Cel badania Analiza poziomu kwasu hipurowego (hippuryny) w moczu ma na celu ocenę efektywności koniugacji kwasu benzoesowego z glicyną w wątrobie oraz identyfikację ekspozycji na substancje aromatyczne, takie jak toluen. Wynik dostarcza informacji o funkcjonowaniu wątroby i nerek oraz o ewentualnych nieprawidłowościach metabolicznych obserwowanych u pacjentów z zaburzeniami neurorozwojowymi.
Wskazania kliniczne Kontrola zawodowej lub środowiskowej ekspozycji na toluen, benzoesan sodu i pokrewne pochodne aromatyczne. Ocena funkcji wątroby w chorobach przewlekłych, w tym zaburzenia metabolizmu aminokwasów. Diagnostyka niektórych stanów metabolicznych, np. niedoboru glicyny, zaburzeń przemiany fenyloketonów czy dysbiozy jelitowej. Badanie pomocnicze w diagnostyce zaburzeń neurorozwojowych, w tym autyzmu, gdzie obserwuje się zmiany w profilu metabolitów moczowych.

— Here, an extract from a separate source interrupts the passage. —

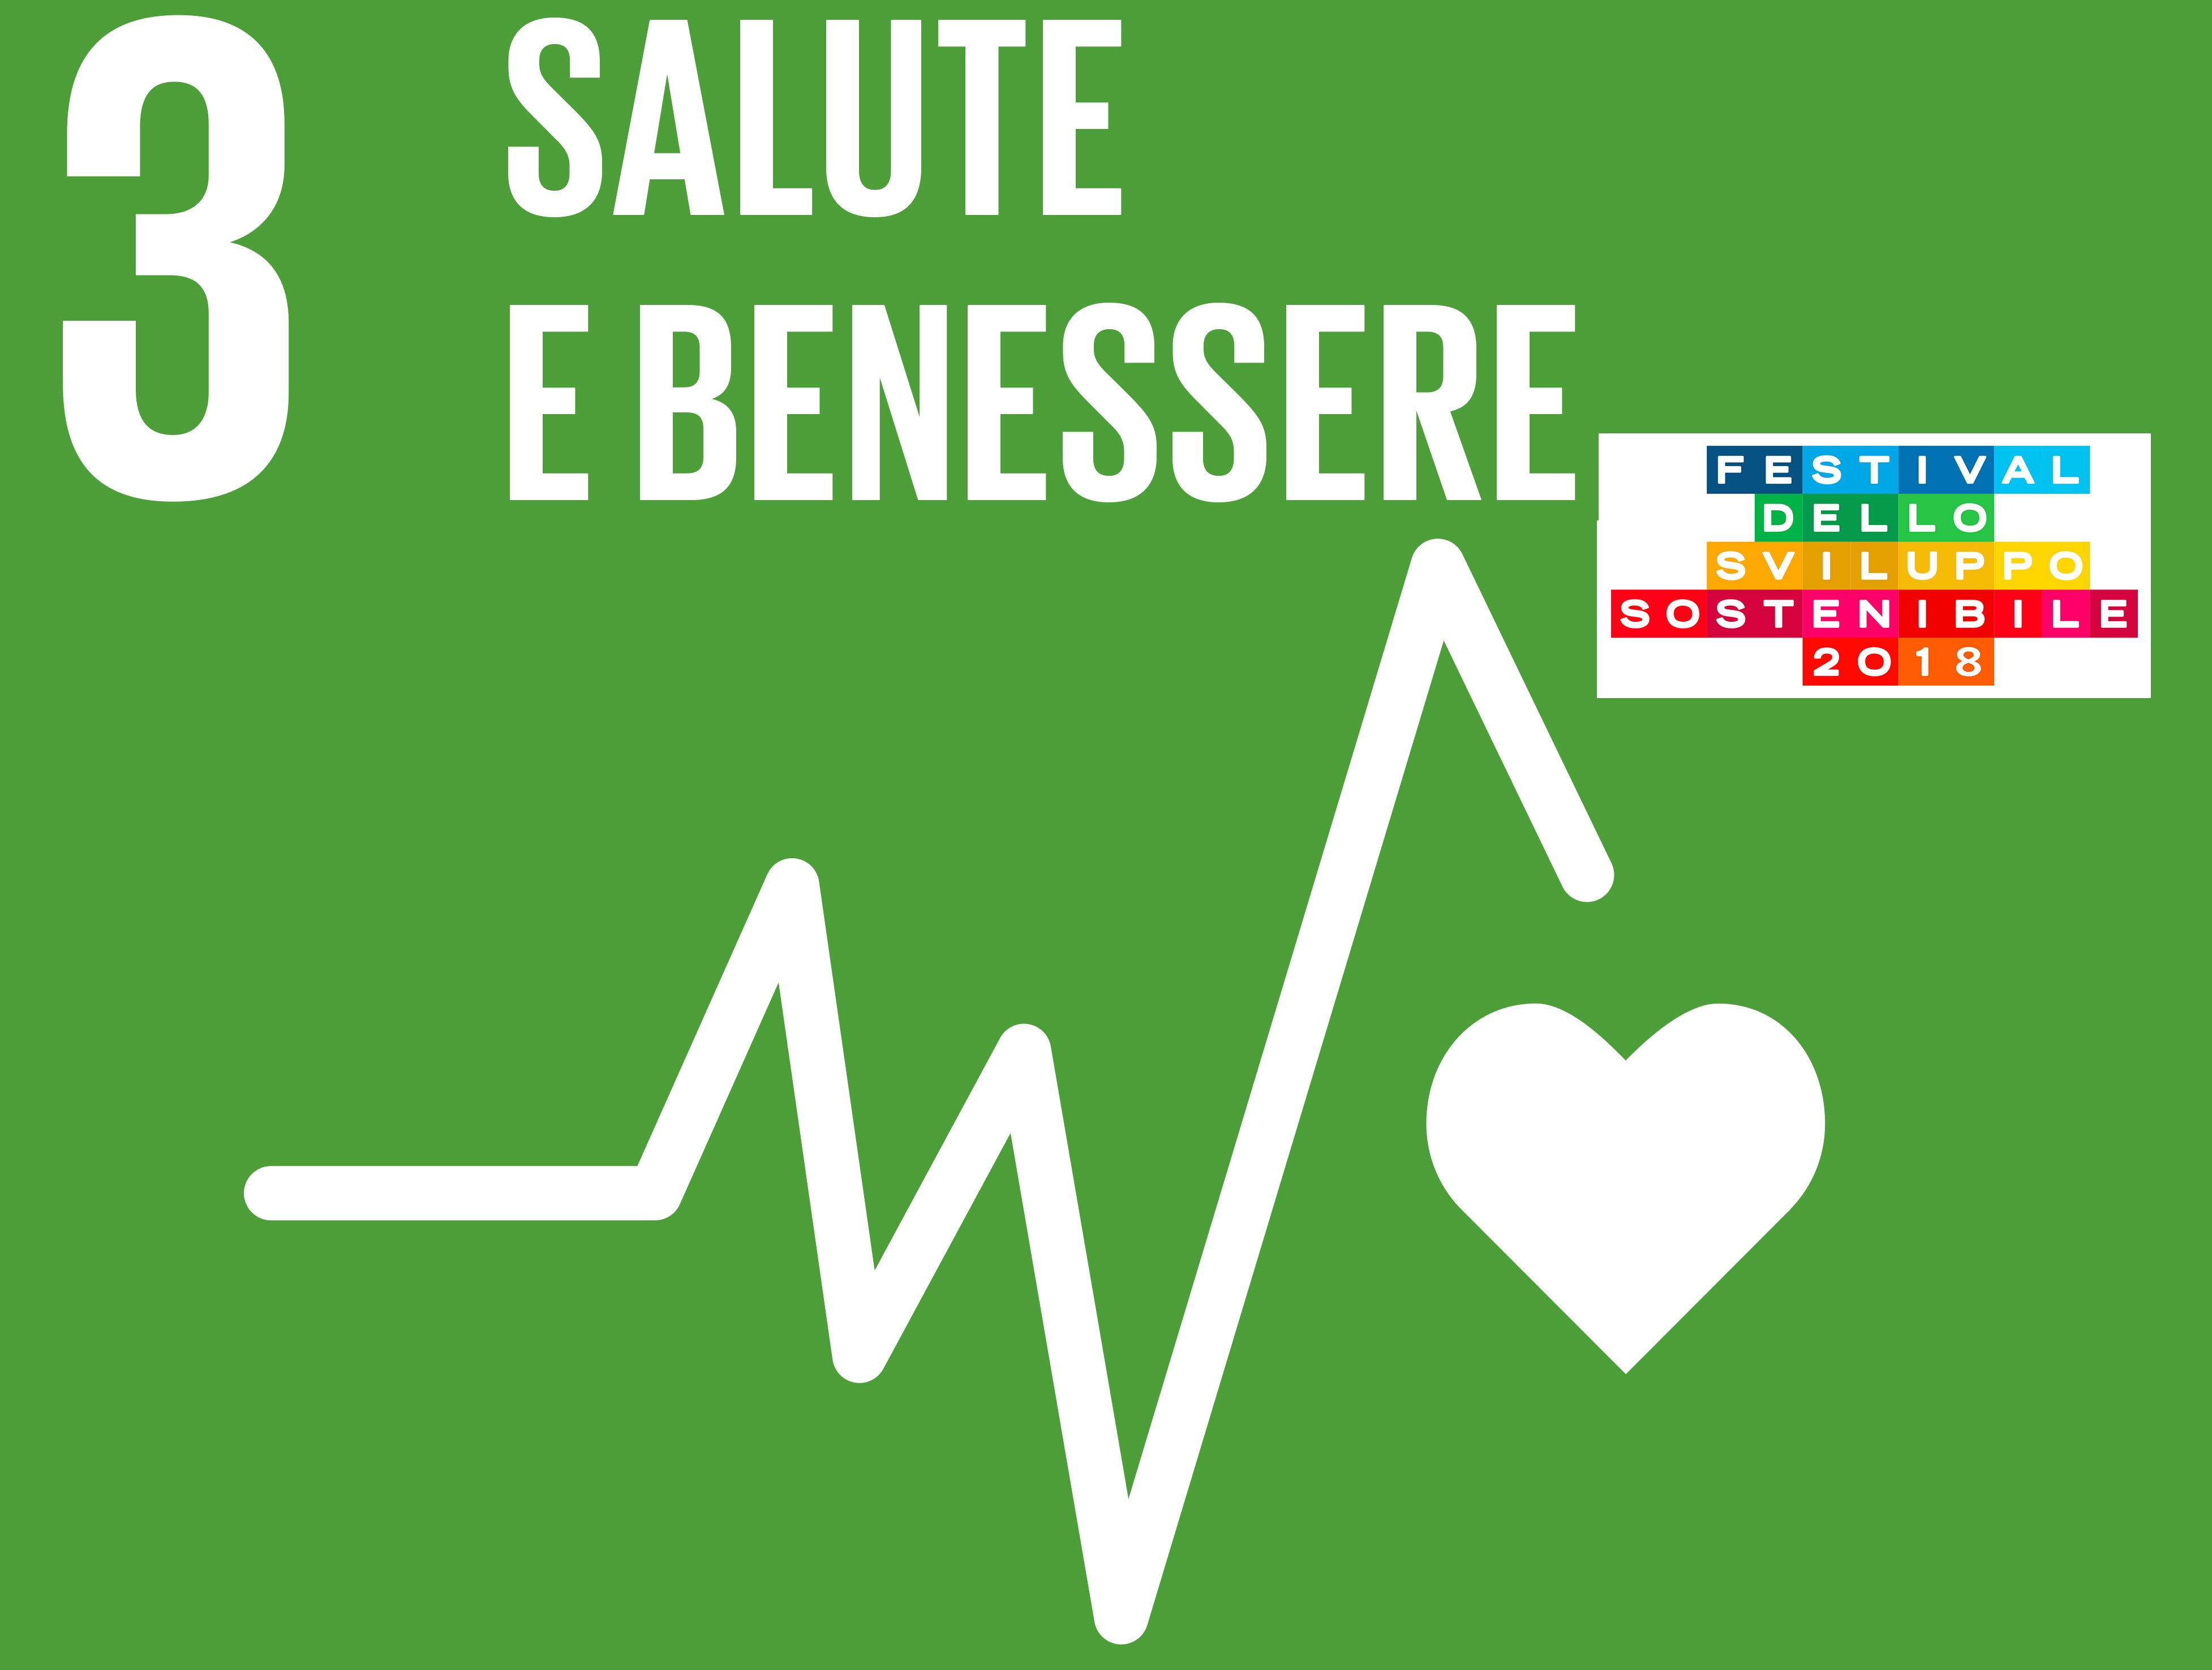 Festival dello Sviluppo Sostenibile Parma. SDG 3: Salute e Benessere

Wykrywanie wczesnych objawów niewydolności nerek, zwłaszcza uszkodzenia kanalików proksymalnych. Patofizjologia i znaczenie w diagnostyce Kwas hipurowy powstaje w wątrobie w wyniku koniugacji kwasu benzoesowego z glicyną – proces zależny od dostępności obu substratów oraz aktywności enzymatycznej.
Benzoesan, po wchłonięciu z przewodu pokarmowego lub po metabolizacji toluenu w płucach, jest przekształcany w benzoesan sodu, a następnie w kwas hipurowy, który jest wydalany z moczem. Zmiany w jego stężeniu mogą odzwierciedlać: zwiększoną ekspozycję na związki aromatyczne (podwyższony poziom); zaburzenia wątrobowe lub niedobór glicyny (obniżony poziom); uszkodzenie funkcji nerek, ograniczające wydalanie metabolitu.
W kontekście ASD, niektóre badania wykazały nieprawidłowości w metabolizmie kwasu hipurowego, co może być powiązane z zaburzeniami mikroflory jelitowej i nieoptymalnym przetwarzaniem związków aromatycznych. Materiał biologiczny Świeża, niezakłócona próbka moczu, objętość minimum 10 ml. Próbka powinna być pobrana w warunkach sterylnych i nieprzechowywana dłużej niż 24 h w temperaturze 2‑8 °C.
Metoda oznaczania Stężenie kwasu hipurowego najczęściej określa się przy użyciu chromatografii cieczowej połączonej z detektorem masowym (LC‑MS) lub wysokosprawnej chromatografii cieczowej z detekcją UV (HPLC‑UV). Przed analizą próbka poddawana jest filtracji, a w razie potrzeby rozcieńczeniu, co zapewnia dokładność pomiaru w zakresie od kilku do kilku tysięcy mg/l.